E ORA A NOI DUE. – Con lei, prima o poi, tutti dobbiamo fare i conti. Con certezza non sappiamo niente, tranne che, alla fine, puntuale, la troveremo ad aspettarci. C’è chi la sente amica, la chiama sorella, dialoga con lei, addirittura le chiede di venire presto. C’è chi la teme, la odia, prova disgusto al solo sentirne pronunciare il nome. Infine, c’è chi finge di ignorarla, e trascorre i suoi anni vivendo come se non ci fosse.

Con lei si sono misurati le grandi menti della storia e i grandi santi della Chiesa; sudditi e imperatori; colti e analfabeti; giovani e vecchi. Con lei si è dovuto scontrare finanche il figlio di Dio.

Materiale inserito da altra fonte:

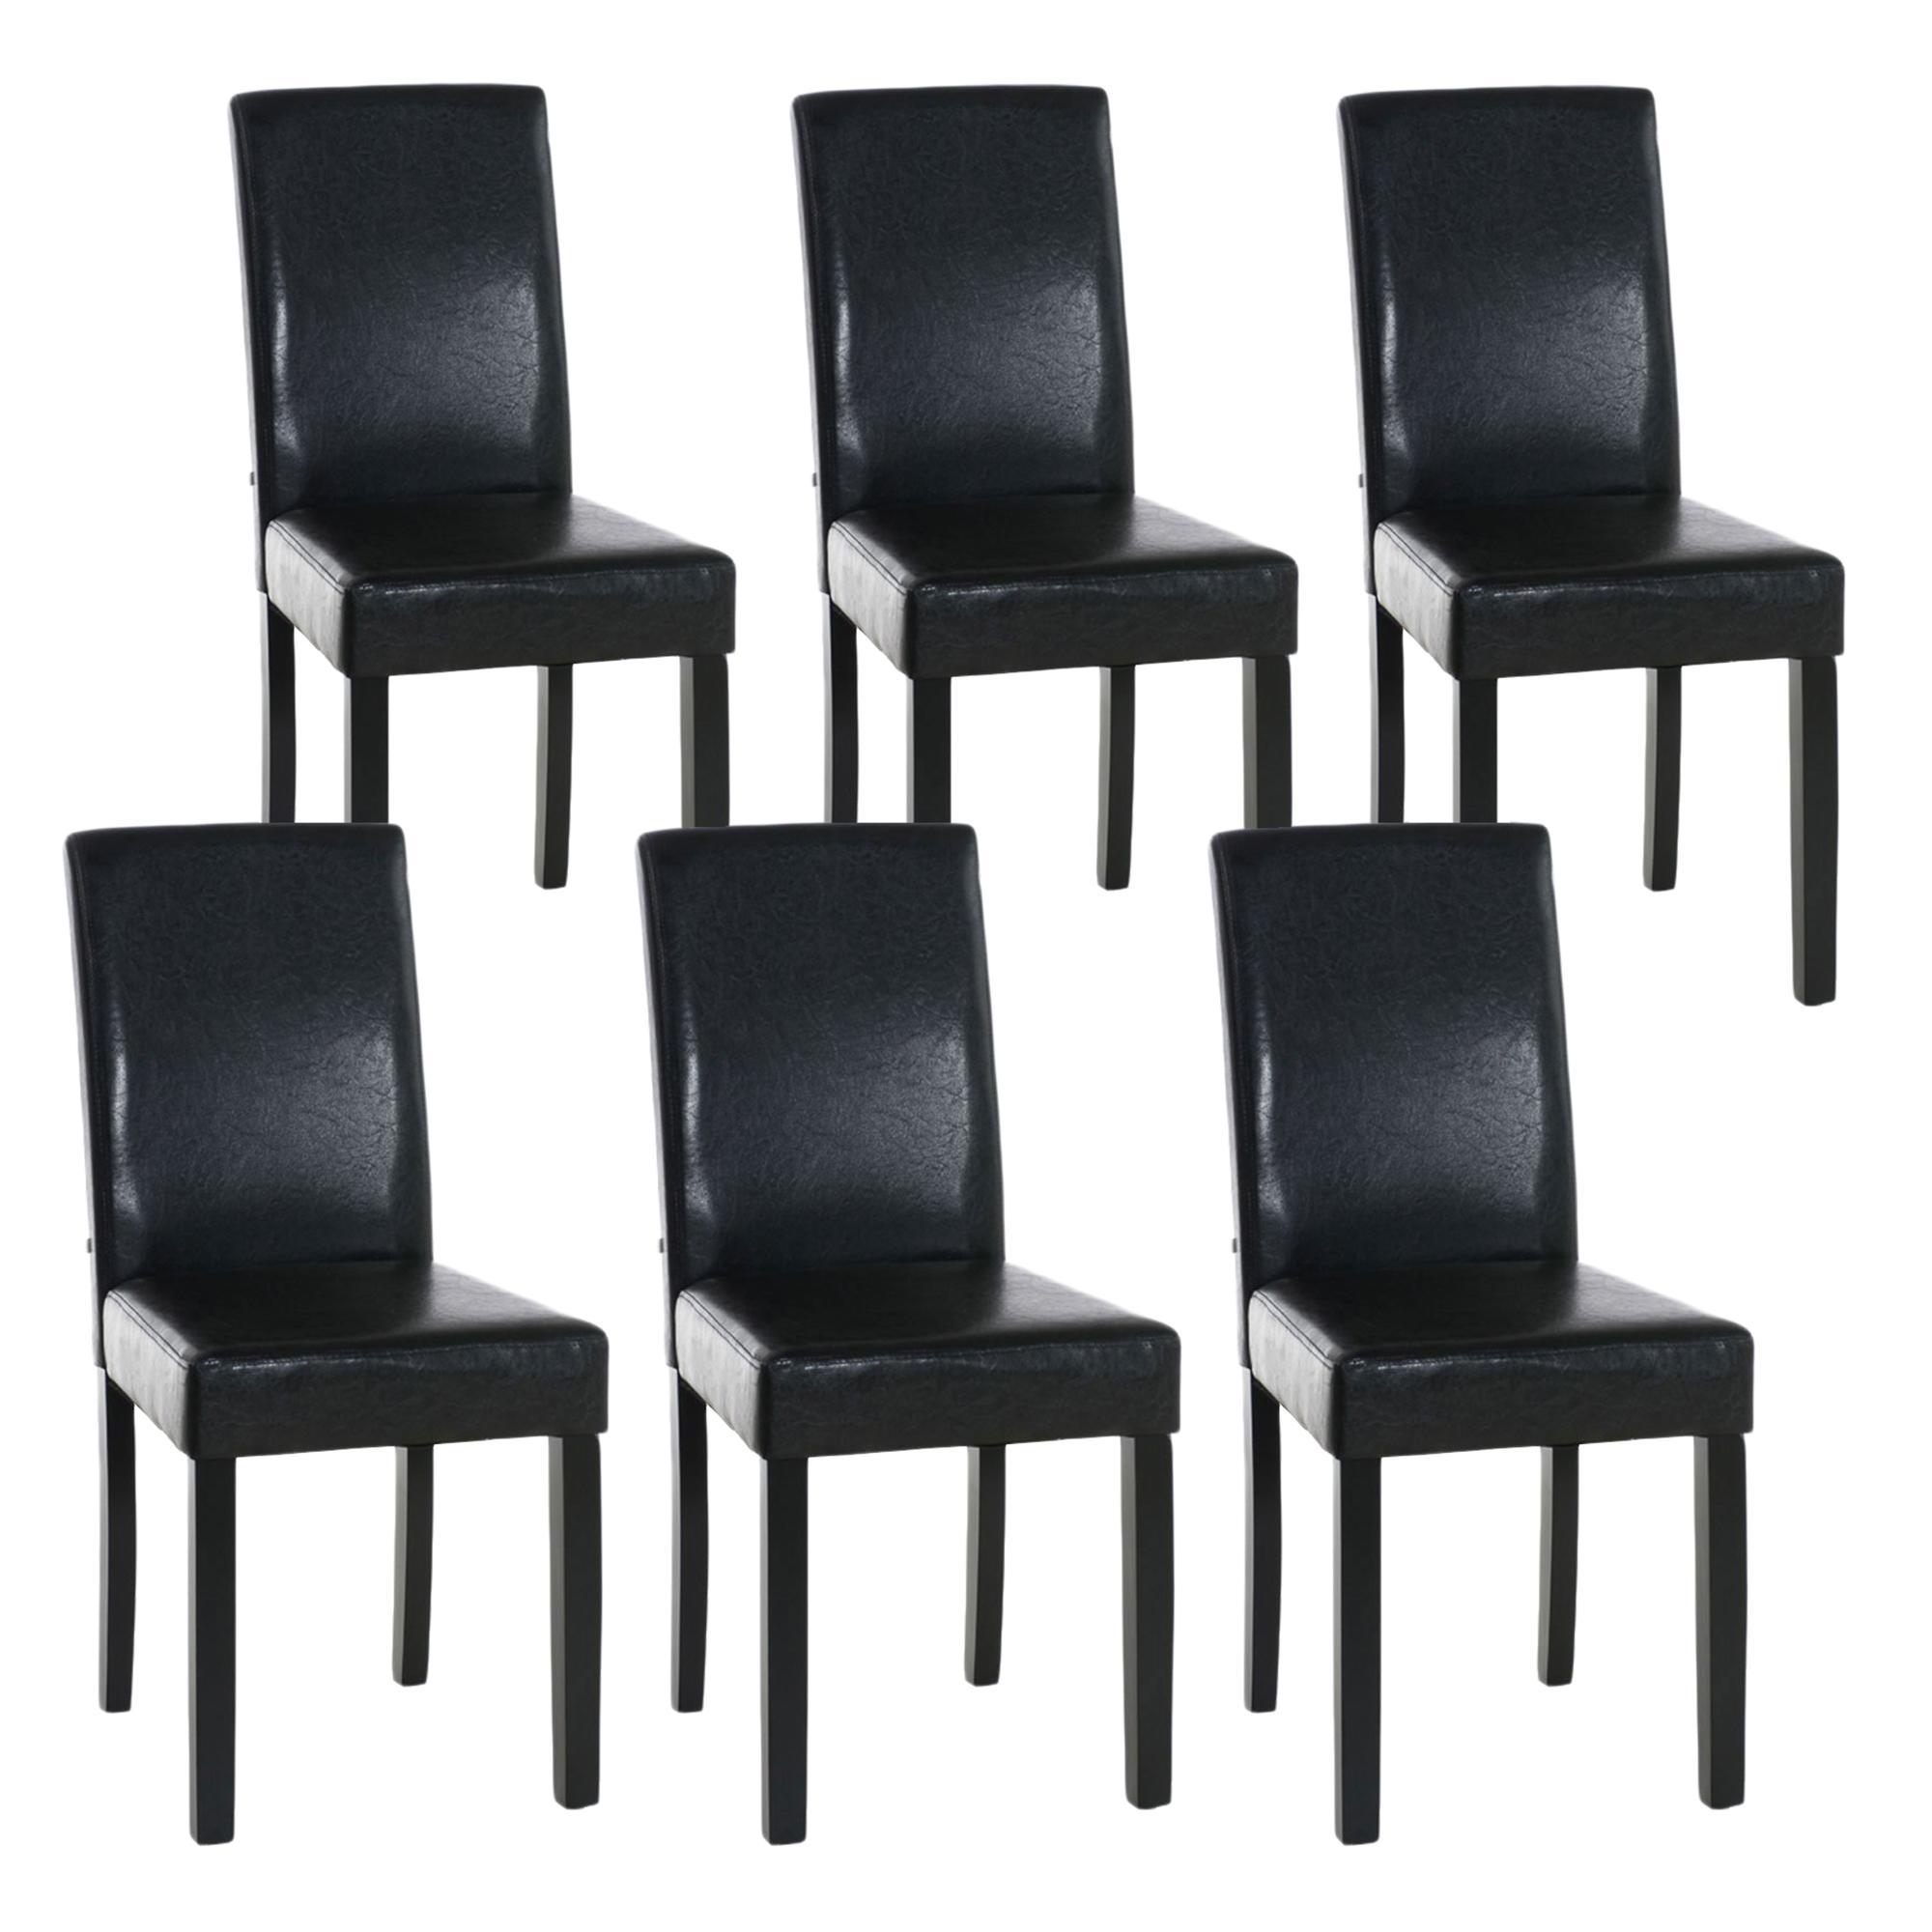 Lote de 6 sillas de comedor capri muy c modas y robustas for Sillas de comedor de piel

Della morte è stato detto e scritto tanto, forse tutto, eppure, a suo riguardo, ancora balbettiamo. Per alcuni – i più fortunati? – arriva, leggera come una farfalla, misericordiosa come una mamma. Scivola tra i figli che gli tengono la mano, gli bagnano le labbra, gli asciugano il sudore, e, dolcemente, lo bacia sulla fronte.

Si presenta alla fine di una esistenza serena, fatta di affetti, lavoro, sofferenza, preghiera. Chi resta, è invaso da un dolore sopportabile, abbassa la testa e, singhiozzando, rende grazie a Dio.

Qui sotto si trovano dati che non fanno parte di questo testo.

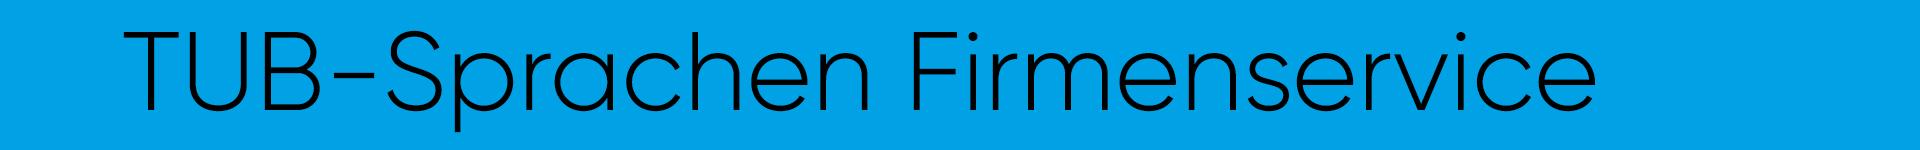 TUB-Sprachen Firmenservice

Altre volte, invece, fa paura, spaventa, atterrisce; giunge veloce come un lampo, indesiderata come un uragano, arcigna come una iena; fa danni incalcolabili, non bada all’età di chi le sta davanti; con prepotenza, irruenza, violenza, sofferenza immensa, strappa alla vita chi della vita non era ancora sazio, o, addirittura, non aveva gustato che le primissime stagioni. E lascia, in chi rimane, ferite sanguinanti che, non poche volte, di guarire non ne vogliono sapere.

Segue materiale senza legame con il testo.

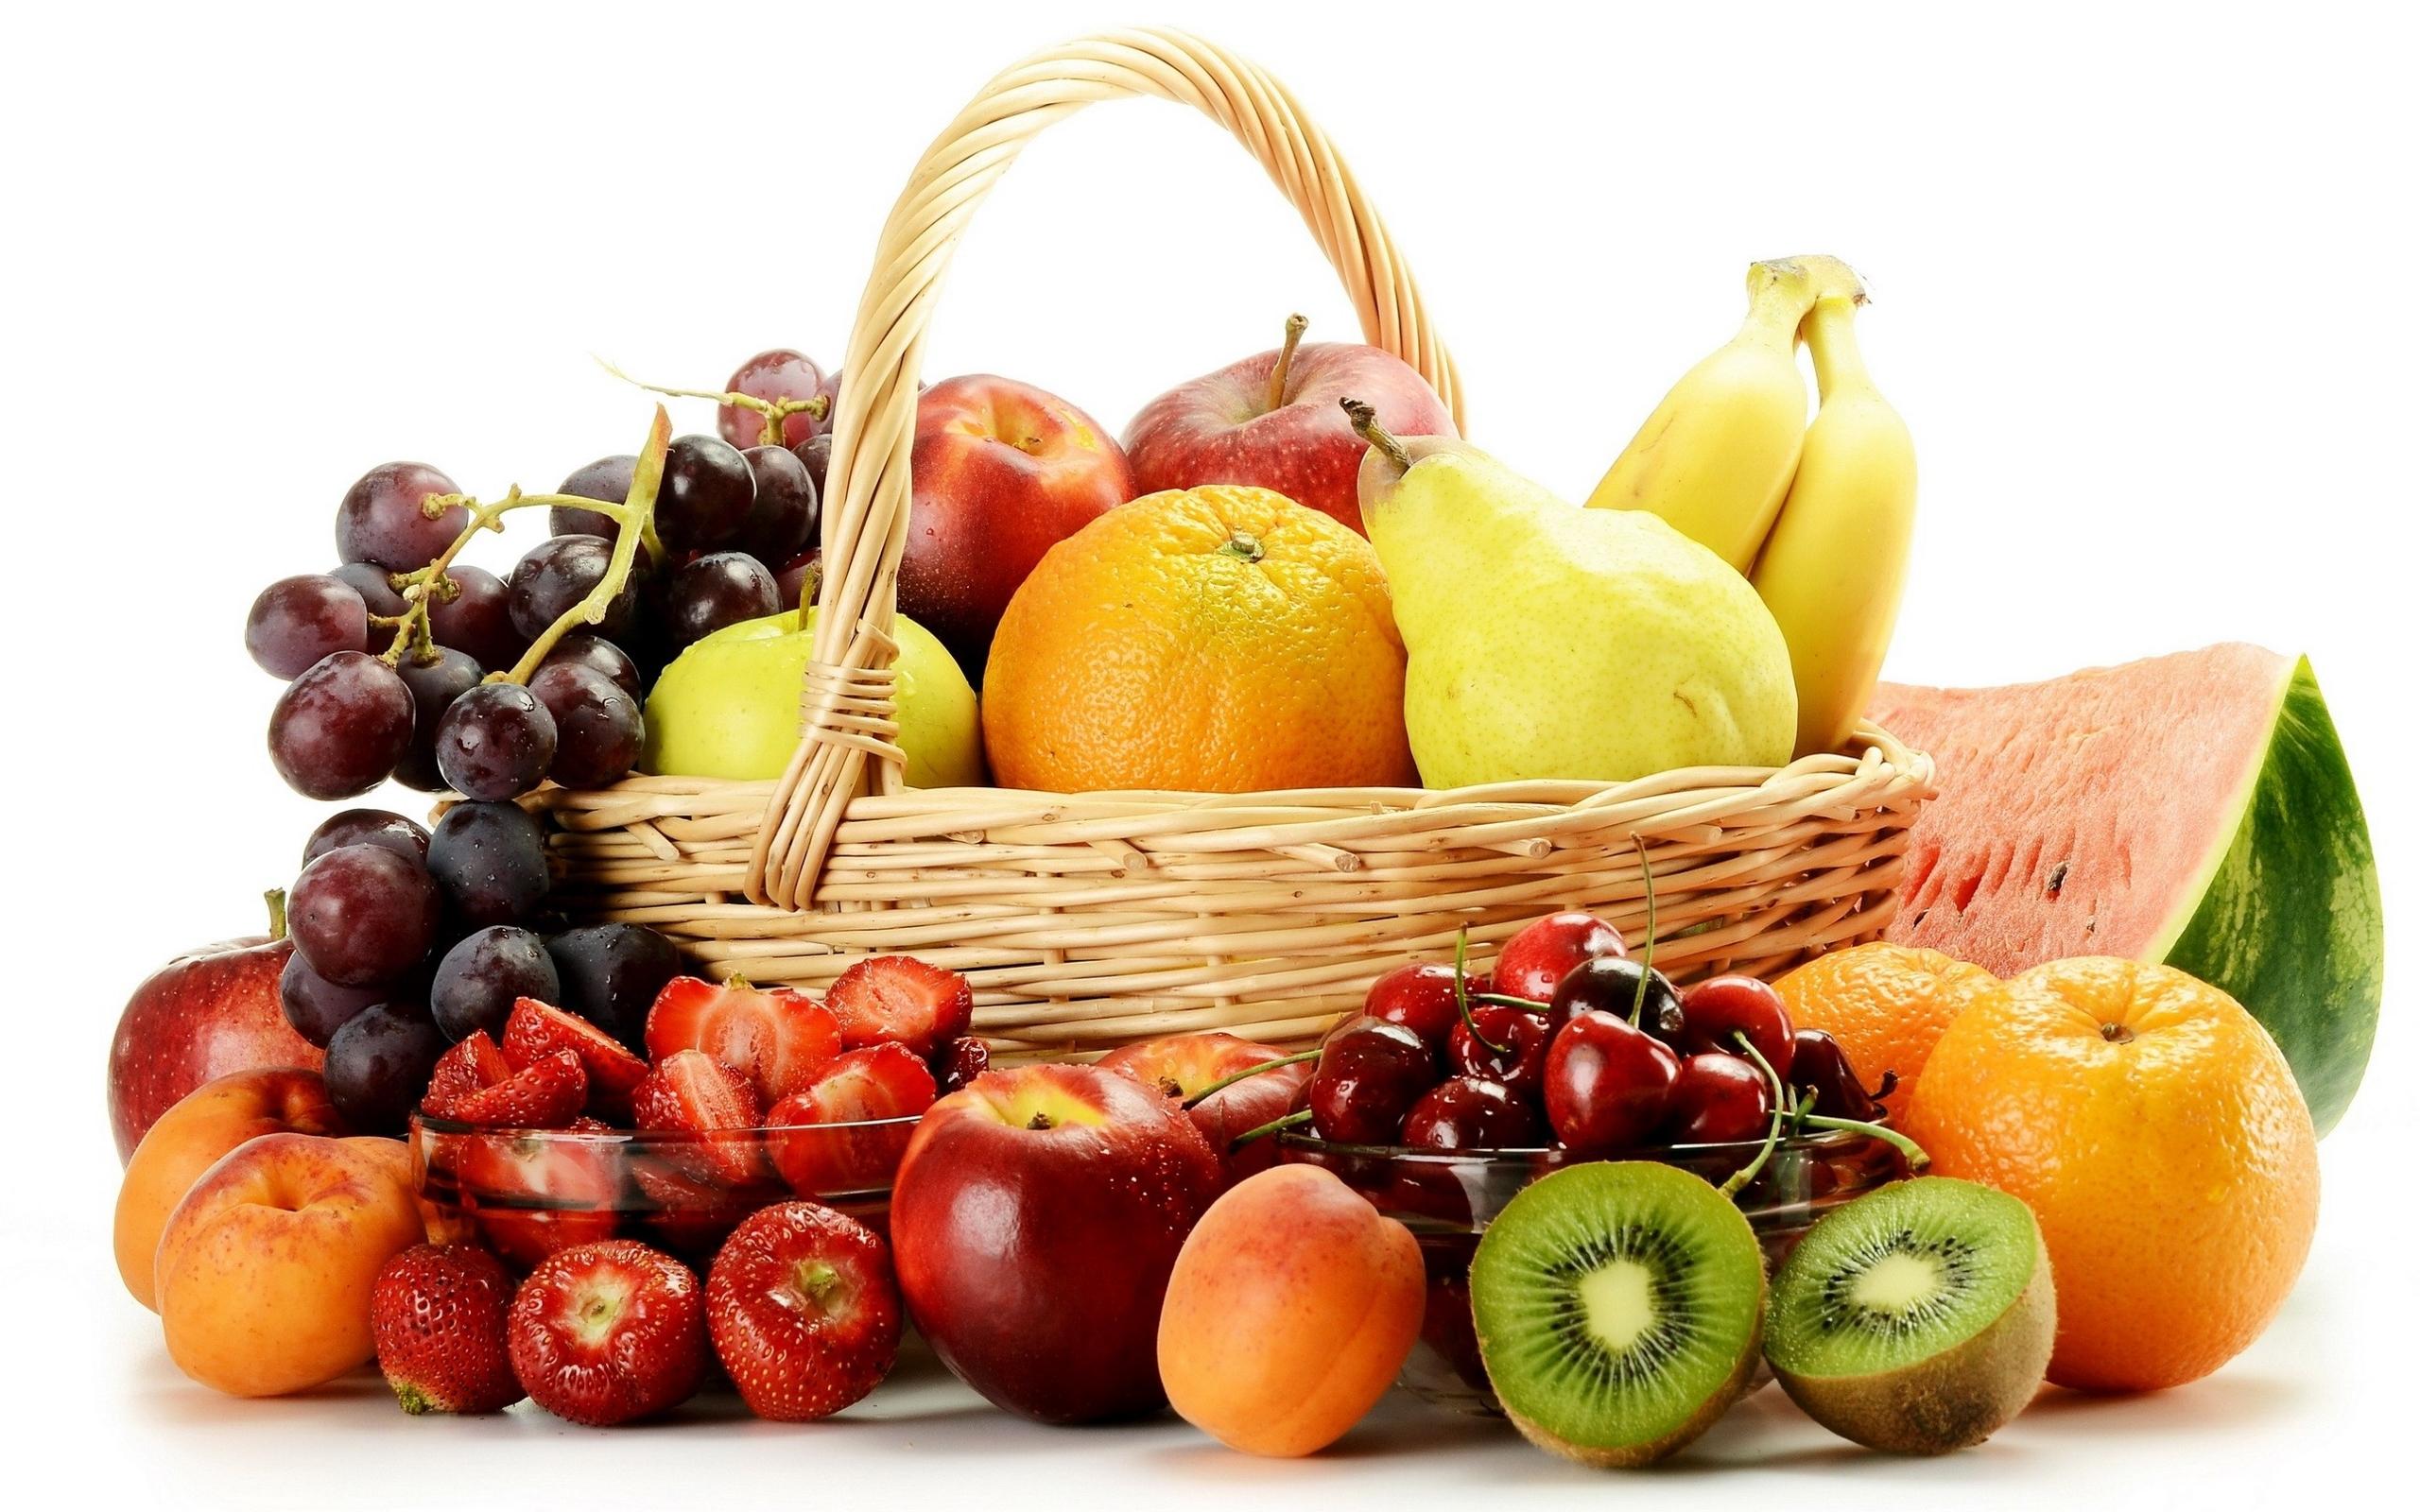 Обои для рабочего стола фрукты006

Ci sono giorni in cui non vuol sentir ragioni, nessuna lacrima, nessuna invocazione, nessuna preghiera riesce a impietosirla. Quando si comporta così, quando scompagina il nostro sereno, quotidiano, andare, ecco riapparire la domanda antica: «Perché?» Perché Dio permette questo? Perché tanti maschi, in modo barbaro, tormentano e uccidono la donna che dicevano di amare? Perché gli uomini lasciano annegare in mare tanti loro simili, senza provare un briciolo di rimorso o di pietà? Perché tanti bimbi vengono strappati via prima ancora di poter vedere il sole? Perché tanti giovani la sfidano, la tentano, la rincorrono? Perché?

E’ la morte, allora: nemica o amica? Fine di ogni cosa o ultima trasformazione? Morte da invocare o scongiurare? È bene pensarla o è meglio ignorarla? Una cosa è certa, essa toglie all’umana vanità, al nostro sciocco orgoglio, alla falsa autosufficienza, ogni pur minima illusione. E costringe gli uomini a riflettere sul mistero di se stessi e di Dio.

Tutti hanno il diritto di porsi nei suoi confronti come meglio credono. Tutti, non i cristiani. Perché Gesù, vero Dio e vero uomo, anche lui baciato dalla morte, l’ha vinta per sempre. La sua risurrezione ha squarciato i cieli. Cristo vive e noi viviamo. In lui, di lui, con lui, per lui. In questa vita e nella pienezza dell’eternità. Queste verità di fede è bene ricordarle e ripetercele.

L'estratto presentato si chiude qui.